■ **WHAT TO PRODUCE**: Could you write the entries out again, exactly as they are?

--------

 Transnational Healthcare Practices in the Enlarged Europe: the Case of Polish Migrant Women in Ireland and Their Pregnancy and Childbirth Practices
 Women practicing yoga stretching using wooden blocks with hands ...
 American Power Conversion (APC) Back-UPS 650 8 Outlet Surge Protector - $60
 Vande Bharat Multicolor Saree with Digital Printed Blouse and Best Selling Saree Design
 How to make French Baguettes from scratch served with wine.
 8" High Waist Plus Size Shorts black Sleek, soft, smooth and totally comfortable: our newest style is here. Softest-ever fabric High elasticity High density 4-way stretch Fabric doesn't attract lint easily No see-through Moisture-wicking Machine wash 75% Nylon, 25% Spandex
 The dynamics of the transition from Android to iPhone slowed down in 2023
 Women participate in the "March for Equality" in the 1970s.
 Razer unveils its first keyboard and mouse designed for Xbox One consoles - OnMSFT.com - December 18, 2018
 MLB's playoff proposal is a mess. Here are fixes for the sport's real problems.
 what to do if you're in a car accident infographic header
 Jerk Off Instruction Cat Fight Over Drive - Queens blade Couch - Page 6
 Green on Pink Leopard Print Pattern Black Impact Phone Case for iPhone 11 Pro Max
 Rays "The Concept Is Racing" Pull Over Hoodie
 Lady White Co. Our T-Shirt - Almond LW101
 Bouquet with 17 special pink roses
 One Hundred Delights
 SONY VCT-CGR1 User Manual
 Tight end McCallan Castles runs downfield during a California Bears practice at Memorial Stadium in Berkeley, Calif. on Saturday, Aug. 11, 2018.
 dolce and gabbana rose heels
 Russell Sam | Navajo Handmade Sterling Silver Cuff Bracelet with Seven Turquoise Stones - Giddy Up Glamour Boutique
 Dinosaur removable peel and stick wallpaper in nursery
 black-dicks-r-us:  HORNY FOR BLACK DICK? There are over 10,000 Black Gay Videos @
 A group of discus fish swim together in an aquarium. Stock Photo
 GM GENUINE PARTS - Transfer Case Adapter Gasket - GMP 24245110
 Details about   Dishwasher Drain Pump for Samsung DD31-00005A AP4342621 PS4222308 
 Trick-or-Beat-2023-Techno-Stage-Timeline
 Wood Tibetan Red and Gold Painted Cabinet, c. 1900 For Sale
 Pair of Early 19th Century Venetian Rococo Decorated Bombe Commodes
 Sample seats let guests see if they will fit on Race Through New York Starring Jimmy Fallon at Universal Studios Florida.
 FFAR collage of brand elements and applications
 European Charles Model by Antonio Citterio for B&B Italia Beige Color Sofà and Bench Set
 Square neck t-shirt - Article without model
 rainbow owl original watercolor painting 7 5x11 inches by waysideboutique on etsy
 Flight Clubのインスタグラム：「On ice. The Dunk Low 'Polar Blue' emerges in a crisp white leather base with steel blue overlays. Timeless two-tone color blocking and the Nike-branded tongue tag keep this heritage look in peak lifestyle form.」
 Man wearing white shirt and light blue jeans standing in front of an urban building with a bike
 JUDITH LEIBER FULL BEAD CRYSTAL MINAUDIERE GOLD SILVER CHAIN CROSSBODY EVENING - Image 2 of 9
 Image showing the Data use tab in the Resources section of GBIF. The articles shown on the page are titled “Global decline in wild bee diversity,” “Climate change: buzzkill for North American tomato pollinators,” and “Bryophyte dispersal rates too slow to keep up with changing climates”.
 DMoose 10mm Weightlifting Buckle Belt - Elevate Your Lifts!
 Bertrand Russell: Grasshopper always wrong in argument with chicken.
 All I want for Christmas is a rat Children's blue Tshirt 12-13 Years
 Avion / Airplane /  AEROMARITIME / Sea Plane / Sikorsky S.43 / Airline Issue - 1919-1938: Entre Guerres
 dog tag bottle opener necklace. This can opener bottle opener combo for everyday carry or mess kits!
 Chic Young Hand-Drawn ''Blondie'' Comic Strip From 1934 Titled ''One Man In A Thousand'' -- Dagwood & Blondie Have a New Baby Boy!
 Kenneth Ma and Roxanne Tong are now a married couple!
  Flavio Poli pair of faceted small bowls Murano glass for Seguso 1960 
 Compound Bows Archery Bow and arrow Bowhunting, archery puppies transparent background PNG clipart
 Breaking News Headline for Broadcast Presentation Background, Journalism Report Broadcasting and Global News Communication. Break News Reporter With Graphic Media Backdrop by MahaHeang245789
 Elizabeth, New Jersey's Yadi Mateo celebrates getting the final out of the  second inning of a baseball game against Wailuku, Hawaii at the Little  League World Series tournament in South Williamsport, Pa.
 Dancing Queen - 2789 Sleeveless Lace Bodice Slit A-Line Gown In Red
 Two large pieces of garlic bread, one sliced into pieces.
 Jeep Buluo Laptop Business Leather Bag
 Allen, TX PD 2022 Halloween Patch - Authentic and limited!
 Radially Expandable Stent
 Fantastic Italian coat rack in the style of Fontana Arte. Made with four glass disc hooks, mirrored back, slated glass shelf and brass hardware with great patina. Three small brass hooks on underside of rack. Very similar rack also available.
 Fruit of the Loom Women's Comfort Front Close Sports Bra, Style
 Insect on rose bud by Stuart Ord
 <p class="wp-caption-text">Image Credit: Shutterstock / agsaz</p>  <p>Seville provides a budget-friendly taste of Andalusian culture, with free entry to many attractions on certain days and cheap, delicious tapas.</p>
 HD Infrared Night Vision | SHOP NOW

--------

■ **RESULT OF THIS TASK**:
 Transnational Healthcare Practices in the Enlarged Europe: the Case of Polish Migrant Women in Ireland and Their Pregnancy and Childbirth Practices
 Women practicing yoga stretching using wooden blocks with hands ...
 American Power Conversion (APC) Back-UPS 650 8 Outlet Surge Protector - $60
 Vande Bharat Multicolor Saree with Digital Printed Blouse and Best Selling Saree Design
 How to make French Baguettes from scratch served with wine.
 8" High Waist Plus Size Shorts black Sleek, soft, smooth and totally comfortable: our newest style is here. Softest-ever fabric High elasticity High density 4-way stretch Fabric doesn't attract lint easily No see-through Moisture-wicking Machine wash 75% Nylon, 25% Spandex
 The dynamics of the transition from Android to iPhone slowed down in 2023
 Women participate in the "March for Equality" in the 1970s.
 Razer unveils its first keyboard and mouse designed for Xbox One consoles - OnMSFT.com - December 18, 2018
 MLB's playoff proposal is a mess. Here are fixes for the sport's real problems.
 what to do if you're in a car accident infographic header
 Jerk Off Instruction Cat Fight Over Drive - Queens blade Couch - Page 6
 Green on Pink Leopard Print Pattern Black Impact Phone Case for iPhone 11 Pro Max
 Rays "The Concept Is Racing" Pull Over Hoodie
 Lady White Co. Our T-Shirt - Almond LW101
 Bouquet with 17 special pink roses
 One Hundred Delights
 SONY VCT-CGR1 User Manual
 Tight end McCallan Castles runs downfield during a California Bears practice at Memorial Stadium in Berkeley, Calif. on Saturday, Aug. 11, 2018.
 dolce and gabbana rose heels
 Russell Sam | Navajo Handmade Sterling Silver Cuff Bracelet with Seven Turquoise Stones - Giddy Up Glamour Boutique
 Dinosaur removable peel and stick wallpaper in nursery
 black-dicks-r-us:  HORNY FOR BLACK DICK? There are over 10,000 Black Gay Videos @
 A group of discus fish swim together in an aquarium. Stock Photo
 GM GENUINE PARTS - Transfer Case Adapter Gasket - GMP 24245110
 Details about   Dishwasher Drain Pump for Samsung DD31-00005A AP4342621 PS4222308 
 Trick-or-Beat-2023-Techno-Stage-Timeline
 Wood Tibetan Red and Gold Painted Cabinet, c. 1900 For Sale
 Pair of Early 19th Century Venetian Rococo Decorated Bombe Commodes
 Sample seats let guests see if they will fit on Race Through New York Starring Jimmy Fallon at Universal Studios Florida.
 FFAR collage of brand elements and applications
 European Charles Model by Antonio Citterio for B&B Italia Beige Color Sofà and Bench Set
 Square neck t-shirt - Article without model
 rainbow owl original watercolor painting 7 5x11 inches by waysideboutique on etsy
 Flight Clubのインスタグラム：「On ice. The Dunk Low 'Polar Blue' emerges in a crisp white leather base with steel blue overlays. Timeless two-tone color blocking and the Nike-branded tongue tag keep this heritage look in peak lifestyle form.」
 Man wearing white shirt and light blue jeans standing in front of an urban building with a bike
 JUDITH LEIBER FULL BEAD CRYSTAL MINAUDIERE GOLD SILVER CHAIN CROSSBODY EVENING - Image 2 of 9
 Image showing the Data use tab in the Resources section of GBIF. The articles shown on the page are titled “Global decline in wild bee diversity,” “Climate change: buzzkill for North American tomato pollinators,” and “Bryophyte dispersal rates too slow to keep up with changing climates”.
 DMoose 10mm Weightlifting Buckle Belt - Elevate Your Lifts!
 Bertrand Russell: Grasshopper always wrong in argument with chicken.
 All I want for Christmas is a rat Children's blue Tshirt 12-13 Years
 Avion / Airplane /  AEROMARITIME / Sea Plane / Sikorsky S.43 / Airline Issue - 1919-1938: Entre Guerres
 dog tag bottle opener necklace. This can opener bottle opener combo for everyday carry or mess kits!
 Chic Young Hand-Drawn ''Blondie'' Comic Strip From 1934 Titled ''One Man In A Thousand'' -- Dagwood & Blondie Have a New Baby Boy!
 Kenneth Ma and Roxanne Tong are now a married couple!
  Flavio Poli pair of faceted small bowls Murano glass for Seguso 1960 
 Compound Bows Archery Bow and arrow Bowhunting, archery puppies transparent background PNG clipart
 Breaking News Headline for Broadcast Presentation Background, Journalism Report Broadcasting and Global News Communication. Break News Reporter With Graphic Media Backdrop by MahaHeang245789
 Elizabeth, New Jersey's Yadi Mateo celebrates getting the final out of the  second inning of a baseball game against Wailuku, Hawaii at the Little  League World Series tournament in South Williamsport, Pa.
 Dancing Queen - 2789 Sleeveless Lace Bodice Slit A-Line Gown In Red
 Two large pieces of garlic bread, one sliced into pieces.
 Jeep Buluo Laptop Business Leather Bag
 Allen, TX PD 2022 Halloween Patch - Authentic and limited!
 Radially Expandable Stent
 Fantastic Italian coat rack in the style of Fontana Arte. Made with four glass disc hooks, mirrored back, slated glass shelf and brass hardware with great patina. Three small brass hooks on underside of rack. Very similar rack also available.
 Fruit of the Loom Women's Comfort Front Close Sports Bra, Style
 Insect on rose bud by Stuart Ord
 <p class="wp-caption-text">Image Credit: Shutterstock / agsaz</p>  <p>Seville provides a budget-friendly taste of Andalusian culture, with free entry to many attractions on certain days and cheap, delicious tapas.</p>
 HD Infrared Night Vision | SHOP NOW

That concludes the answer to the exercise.